I have both a 1D3 and a 7D2.
My recommendation would be to keep both if you can afford it. Camera-wise, the 7D2 is probably better, you get video, live view, a great LV AF, and you can go pretty high up on the ISO and get useable results. I don't think I even enabled the H setting on my 1D3 but found it to be useable up to 2000 or so, I have gotten fairly good results at 10,000 on the 7D2.
Noise wise, I think they're on par up to 800 or so, although the 1D3 might have a slight advantage, there's also the advantage that the 1D3 can have ISO50 enabled.
Ergonomics wise, the 1D3 wins by a long margin. I pulled it out today because we had a windchill somewhere near -10F and when wearing gloves I can't adjust the settings on the 7D bodies without accidentally hitting other buttons, whereas the 1D3 has just enough spacing on the buttons surrounding the ISO button near the top LCD that this isn't a big problem.

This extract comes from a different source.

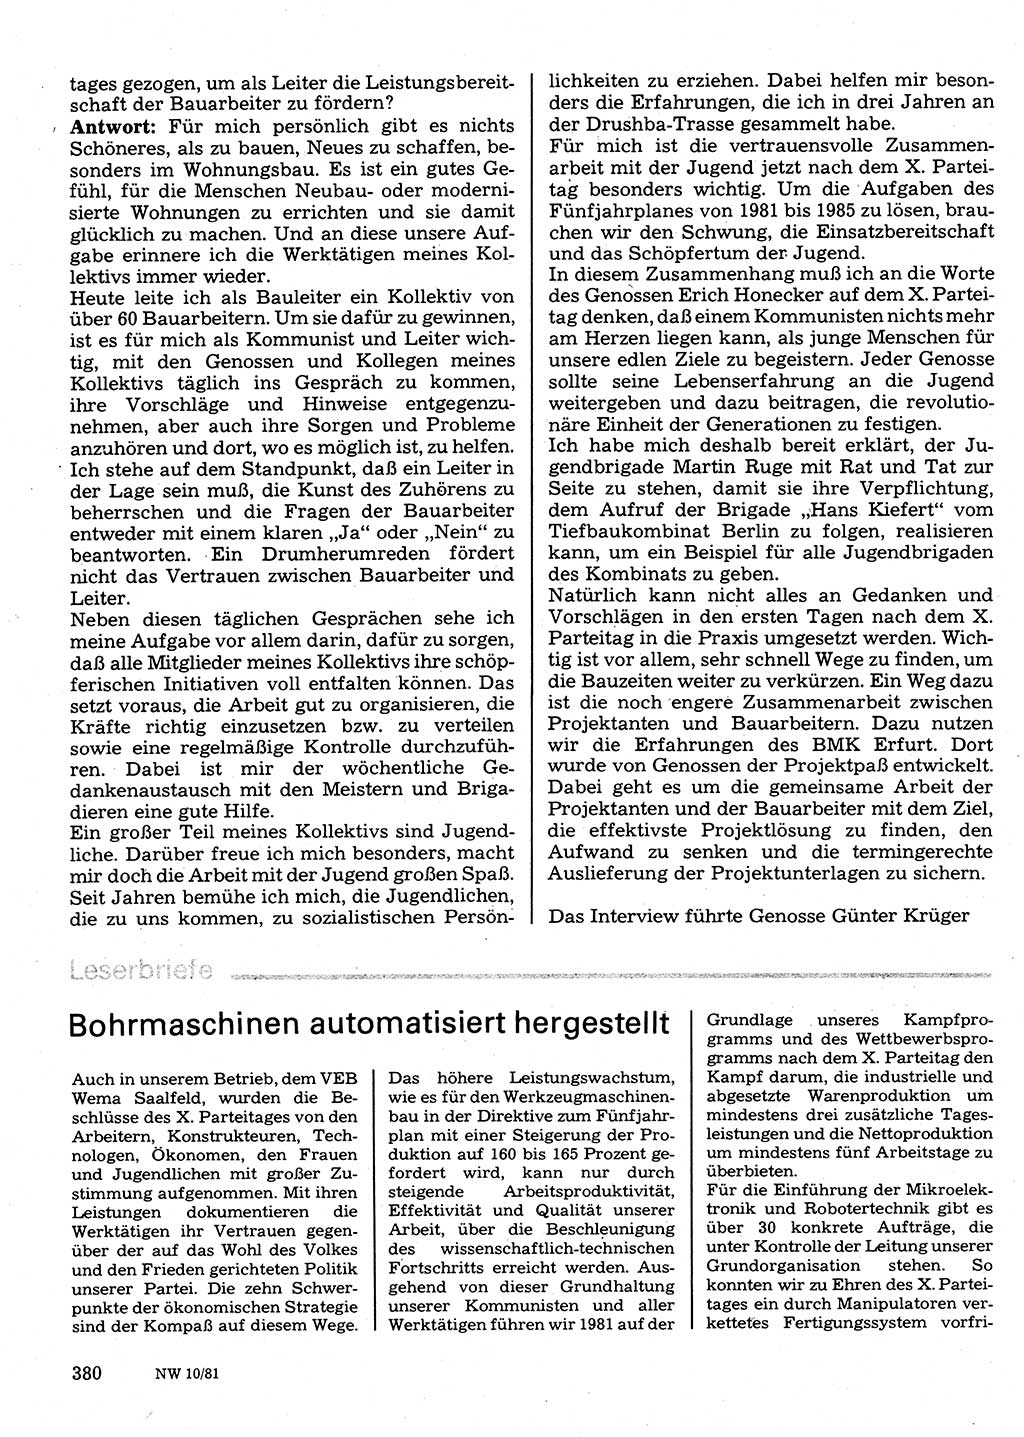 Neuer Weg (NW), Organ des Zentralkomitees (ZK) der SED (Sozialistische Einheitspartei Deutschlands) für Fragen des Parteilebens, 36. Jahrgang [Deutsche Demokratische Republik (DDR)] 1981, Seite 380 (NW ZK SED DDR 1981, S. 380)

As far as rendering the camera obsolete, it depends on what you like to shoot. I actually bought mine used in 2013, after having a 7D for ~2.5 years and kept both, with the 7D being a backup, and only a primary camera if space was a concern, or I needed AF in live view, so while I technically bought a downgrade, the "better" camera became a secondary.
Right now I have been using my 7D2 a lot more, but as soon as the airshow season starts, the 1D3 will be my primary body for shooting static displays, keeping the 7D2 for action shots just because of the extra reach.
An important thing here is that this was a gift from your wife from back when the camera was new, so if you've only shot some 20k shots, the camera is barely broken in (the official shutter life expectancy is 300k), so you probably haven't gotten your (her) money's worth out of it. Another vote for "keep it".